THE INPUT section start

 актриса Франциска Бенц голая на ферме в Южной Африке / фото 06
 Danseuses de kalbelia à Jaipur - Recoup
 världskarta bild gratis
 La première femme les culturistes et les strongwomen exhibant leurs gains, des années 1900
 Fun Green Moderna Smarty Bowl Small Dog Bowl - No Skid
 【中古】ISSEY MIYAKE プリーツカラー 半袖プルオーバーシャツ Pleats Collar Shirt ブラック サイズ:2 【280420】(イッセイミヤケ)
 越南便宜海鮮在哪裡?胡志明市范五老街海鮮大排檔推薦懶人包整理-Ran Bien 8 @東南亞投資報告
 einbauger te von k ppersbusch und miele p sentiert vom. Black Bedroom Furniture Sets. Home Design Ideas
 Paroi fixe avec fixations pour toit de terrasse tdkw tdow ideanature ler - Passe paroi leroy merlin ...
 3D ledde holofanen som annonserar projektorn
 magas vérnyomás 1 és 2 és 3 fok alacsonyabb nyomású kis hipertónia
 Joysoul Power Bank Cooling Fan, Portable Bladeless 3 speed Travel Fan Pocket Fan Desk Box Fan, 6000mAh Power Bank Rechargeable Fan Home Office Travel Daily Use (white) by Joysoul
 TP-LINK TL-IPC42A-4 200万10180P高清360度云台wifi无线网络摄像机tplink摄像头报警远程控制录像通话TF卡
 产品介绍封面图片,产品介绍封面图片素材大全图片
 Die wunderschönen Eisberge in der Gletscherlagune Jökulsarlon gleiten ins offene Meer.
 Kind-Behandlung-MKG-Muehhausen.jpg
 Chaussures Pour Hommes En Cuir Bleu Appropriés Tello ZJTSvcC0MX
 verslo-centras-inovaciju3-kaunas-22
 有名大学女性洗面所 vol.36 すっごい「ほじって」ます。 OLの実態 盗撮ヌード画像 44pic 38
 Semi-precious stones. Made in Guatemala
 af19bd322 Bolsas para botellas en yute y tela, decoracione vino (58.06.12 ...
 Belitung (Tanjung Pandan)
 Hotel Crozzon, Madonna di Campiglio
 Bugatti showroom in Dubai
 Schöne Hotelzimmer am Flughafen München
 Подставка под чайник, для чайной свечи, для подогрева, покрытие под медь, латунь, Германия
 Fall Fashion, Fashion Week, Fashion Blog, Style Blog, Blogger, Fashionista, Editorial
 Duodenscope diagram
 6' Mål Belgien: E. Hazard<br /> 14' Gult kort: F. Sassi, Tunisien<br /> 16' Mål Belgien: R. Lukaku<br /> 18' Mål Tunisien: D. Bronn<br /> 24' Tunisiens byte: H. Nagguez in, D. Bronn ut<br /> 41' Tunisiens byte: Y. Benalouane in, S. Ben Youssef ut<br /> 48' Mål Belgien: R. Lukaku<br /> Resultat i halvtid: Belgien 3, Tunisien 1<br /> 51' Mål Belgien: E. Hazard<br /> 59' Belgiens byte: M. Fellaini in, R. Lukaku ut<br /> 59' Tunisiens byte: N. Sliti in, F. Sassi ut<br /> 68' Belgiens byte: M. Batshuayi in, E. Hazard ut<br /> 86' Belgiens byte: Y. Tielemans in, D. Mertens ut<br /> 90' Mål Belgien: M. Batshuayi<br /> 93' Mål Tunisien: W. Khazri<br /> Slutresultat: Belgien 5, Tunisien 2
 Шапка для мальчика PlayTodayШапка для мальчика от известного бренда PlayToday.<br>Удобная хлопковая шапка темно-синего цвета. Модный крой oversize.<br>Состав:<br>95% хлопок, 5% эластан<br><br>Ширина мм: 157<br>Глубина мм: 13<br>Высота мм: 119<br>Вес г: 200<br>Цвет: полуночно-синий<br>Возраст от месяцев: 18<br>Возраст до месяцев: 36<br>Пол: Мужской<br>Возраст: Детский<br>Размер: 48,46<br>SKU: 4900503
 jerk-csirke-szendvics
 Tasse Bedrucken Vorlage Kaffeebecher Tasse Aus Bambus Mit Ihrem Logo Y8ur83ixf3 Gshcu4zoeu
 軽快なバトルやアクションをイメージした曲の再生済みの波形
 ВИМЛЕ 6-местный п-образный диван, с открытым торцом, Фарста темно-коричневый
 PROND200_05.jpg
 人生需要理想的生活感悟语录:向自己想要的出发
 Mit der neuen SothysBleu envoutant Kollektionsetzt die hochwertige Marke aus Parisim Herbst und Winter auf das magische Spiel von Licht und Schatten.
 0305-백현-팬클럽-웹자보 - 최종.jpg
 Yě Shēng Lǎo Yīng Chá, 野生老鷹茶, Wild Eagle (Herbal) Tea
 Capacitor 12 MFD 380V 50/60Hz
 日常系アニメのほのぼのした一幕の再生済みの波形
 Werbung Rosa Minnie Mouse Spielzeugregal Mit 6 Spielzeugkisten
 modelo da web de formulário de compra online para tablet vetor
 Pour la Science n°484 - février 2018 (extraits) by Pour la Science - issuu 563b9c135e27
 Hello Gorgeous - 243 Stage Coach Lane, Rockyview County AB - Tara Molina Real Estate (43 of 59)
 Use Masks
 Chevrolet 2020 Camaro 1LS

THE INPUT section end

= WORK TO COMPLETE =
Reproduce, exactly as they stand in the data above, the lines from the one that holds "verslo-centras-inovaciju3-kaunas-22" to the one that holds "Duodenscope diagram", inclusive.

= YOUR RESPONSE =
 verslo-centras-inovaciju3-kaunas-22
 有名大学女性洗面所 vol.36 すっごい「ほじって」ます。 OLの実態 盗撮ヌード画像 44pic 38
 Semi-precious stones. Made in Guatemala
 af19bd322 Bolsas para botellas en yute y tela, decoracione vino (58.06.12 ...
 Belitung (Tanjung Pandan)
 Hotel Crozzon, Madonna di Campiglio
 Bugatti showroom in Dubai
 Schöne Hotelzimmer am Flughafen München
 Подставка под чайник, для чайной свечи, для подогрева, покрытие под медь, латунь, Германия
 Fall Fashion, Fashion Week, Fashion Blog, Style Blog, Blogger, Fashionista, Editorial
 Duodenscope diagram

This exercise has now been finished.